A probabilistic framework is constructed, which is based on the principle of maximum entropy. The association probabilities at a given average distortion are Gibbs distributions parametrized by the corresponding Lagrange multiplier $\beta$, which is inversely proportional to the temperature in the physical analogy. By computing marginal probabilities, an effective cost is obtained, which is minimized to find the most probable set of cluster representatives at a given temperature. This effective cost is the free energy in statistical mechanics, which is indeed optimized at isothermal, stochastic equilibrium.
Within the probabilistic framework, annealing is introduced by controlling the Lagrange multiplier $\beta$. This annealing is interpreted as gradually reducing the "fuzziness" of the associations. Phase transitions are identified in the process, which are, in fact, cluster splits. A sequence of phase transitions produces a hierarchy of fuzzy-clustering solutions. Critical $\beta$ are computed exactly for the first phase transition and approximately for the following ones. Specific algorithms are derivable from the general approach, to address different aspects of clustering. From the experimental results it appears that DA is substantially superior to traditional techniques.

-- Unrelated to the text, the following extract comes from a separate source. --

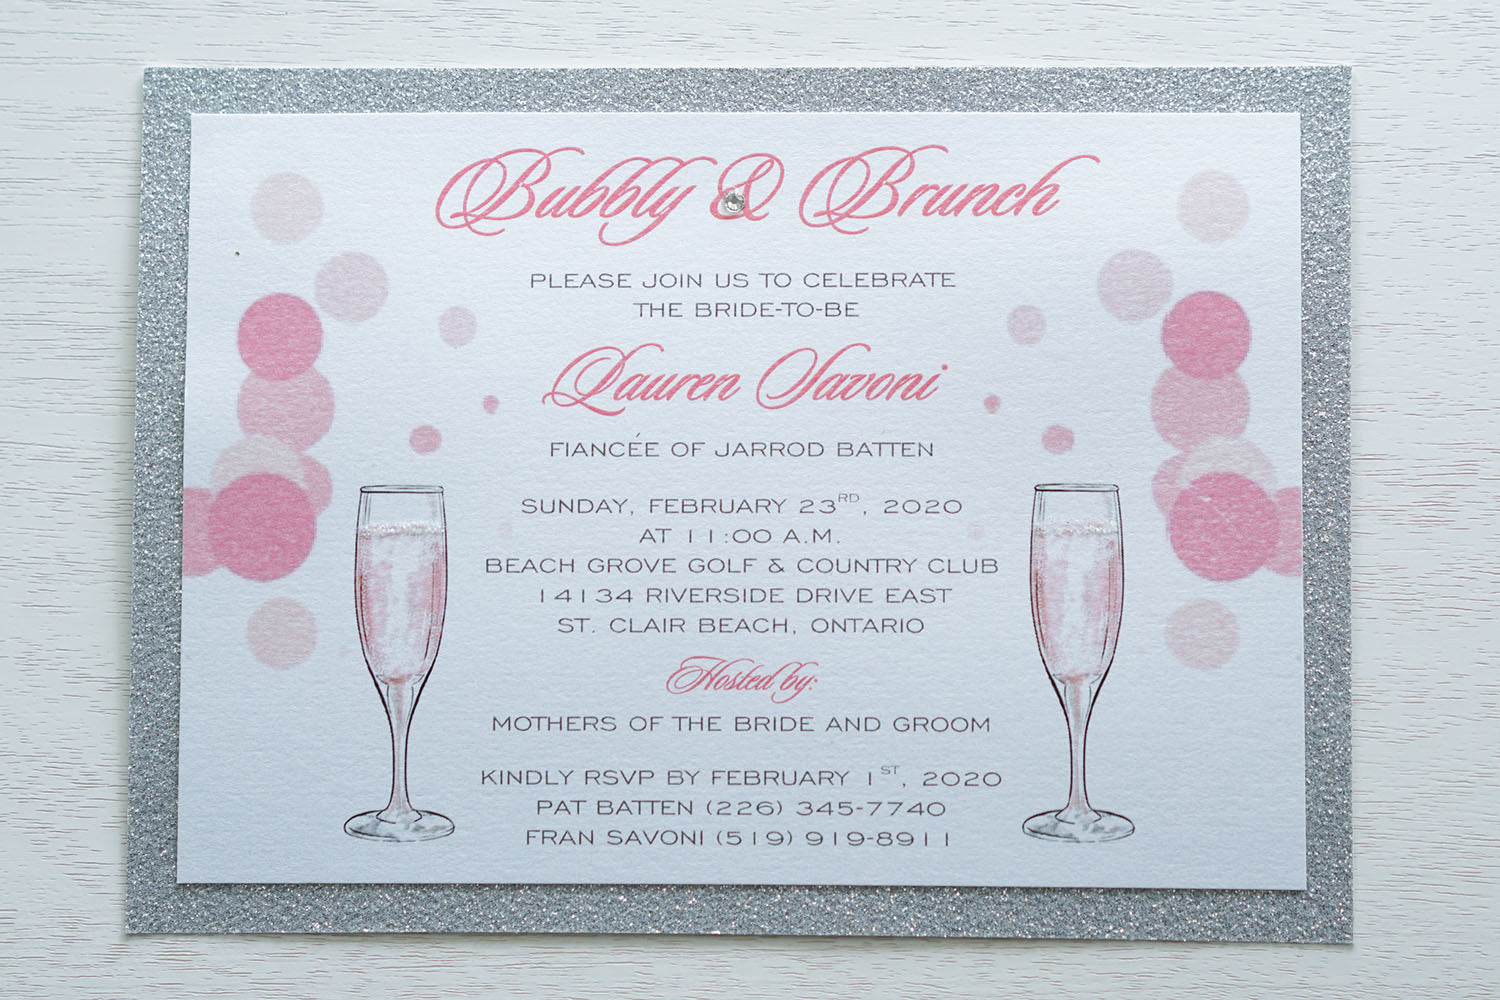 alt="Sparkling glitter Bridal Shower invitation features a white pearlescent shimmer card stock on a silver glitter stock, a champagne flutes and bubbly design, jewel detail and glitter sparkle to finish it off"
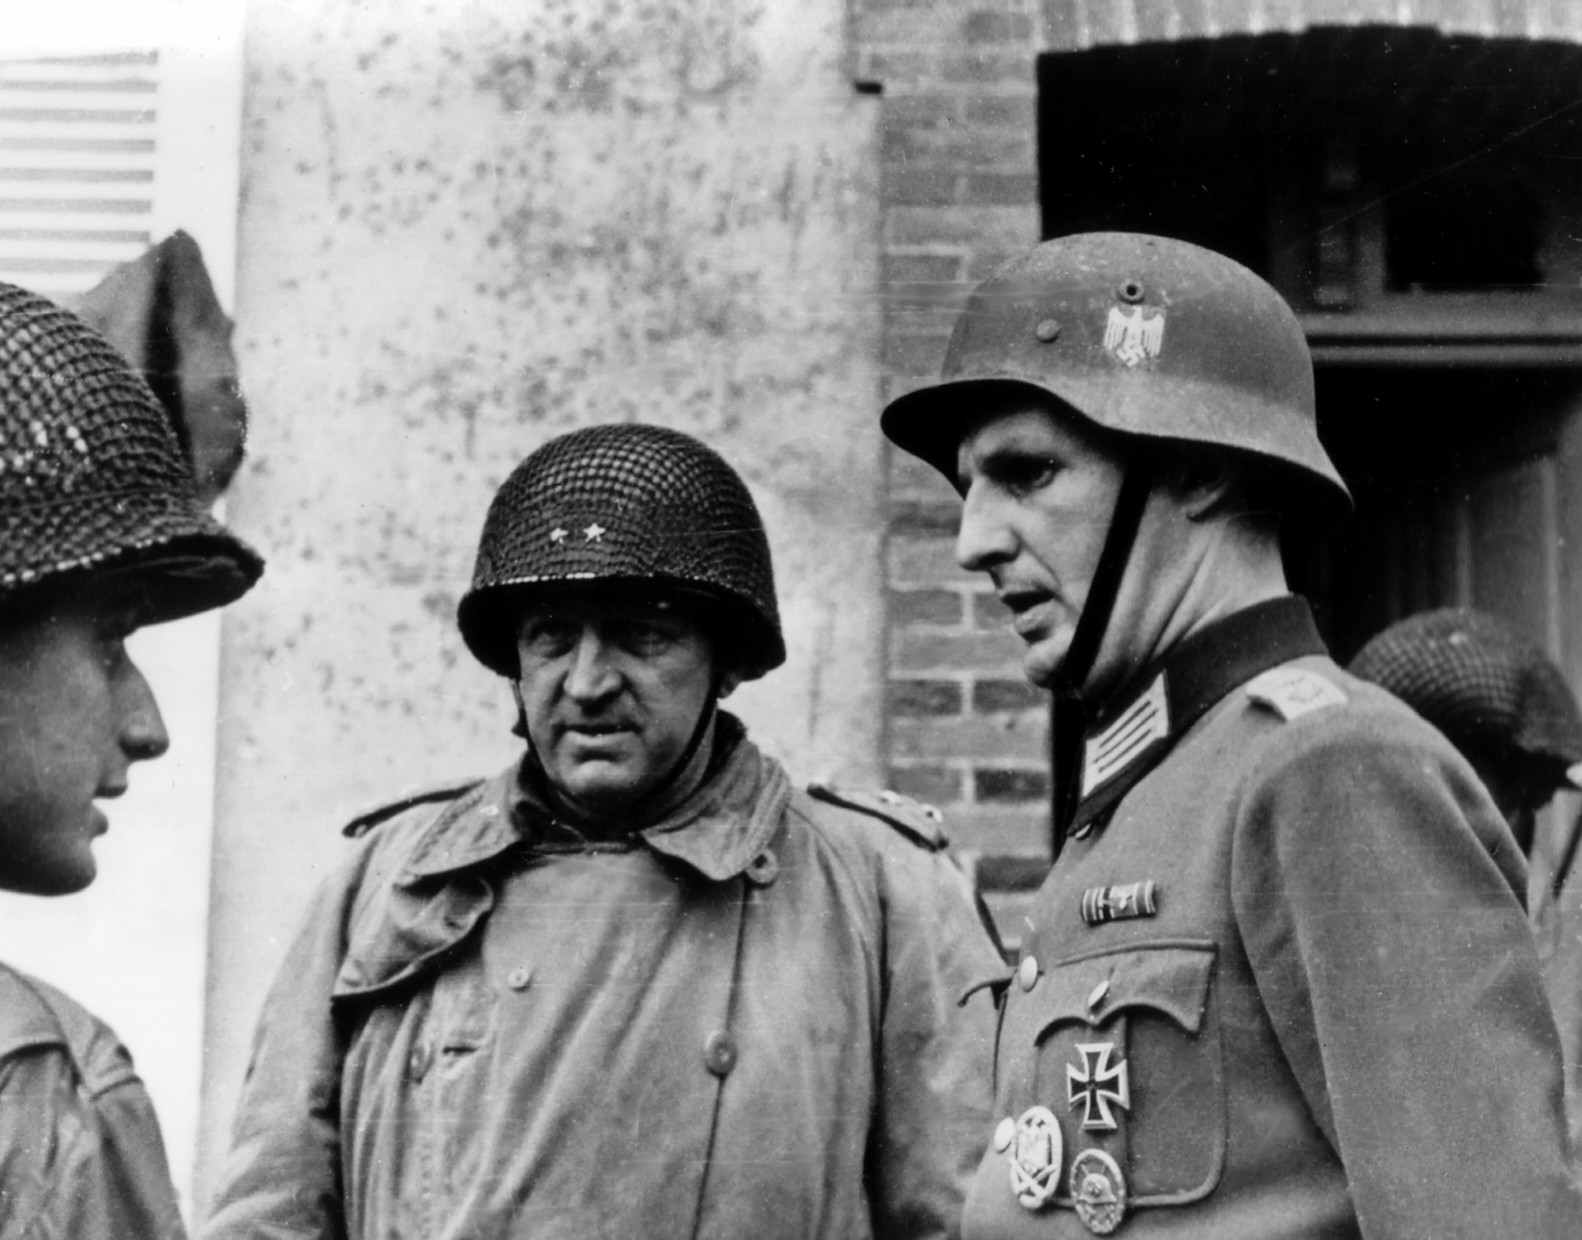 Major General Manton Eddy and another American officer speaking to a captured German officer, Cherbourg, France, 26-27 Jun 1944

The approach is extended to deal with a larger family of optimization problems that can be reformulated as constrained clustering. A probabilistic framework for constrained clustering is derived. Three examples are discussed. Mass-constrained clustering yields an improvement of the clustering procedure. The process is now independent of the number and multiplicities of representatives. The travelling salesman problem is reformulated as constrained clustering, yielding the elastic net approach. A second Lagrange multiplier is identified and is controlled in the process. Finally, this approach is suggested for self-organization of neural networks.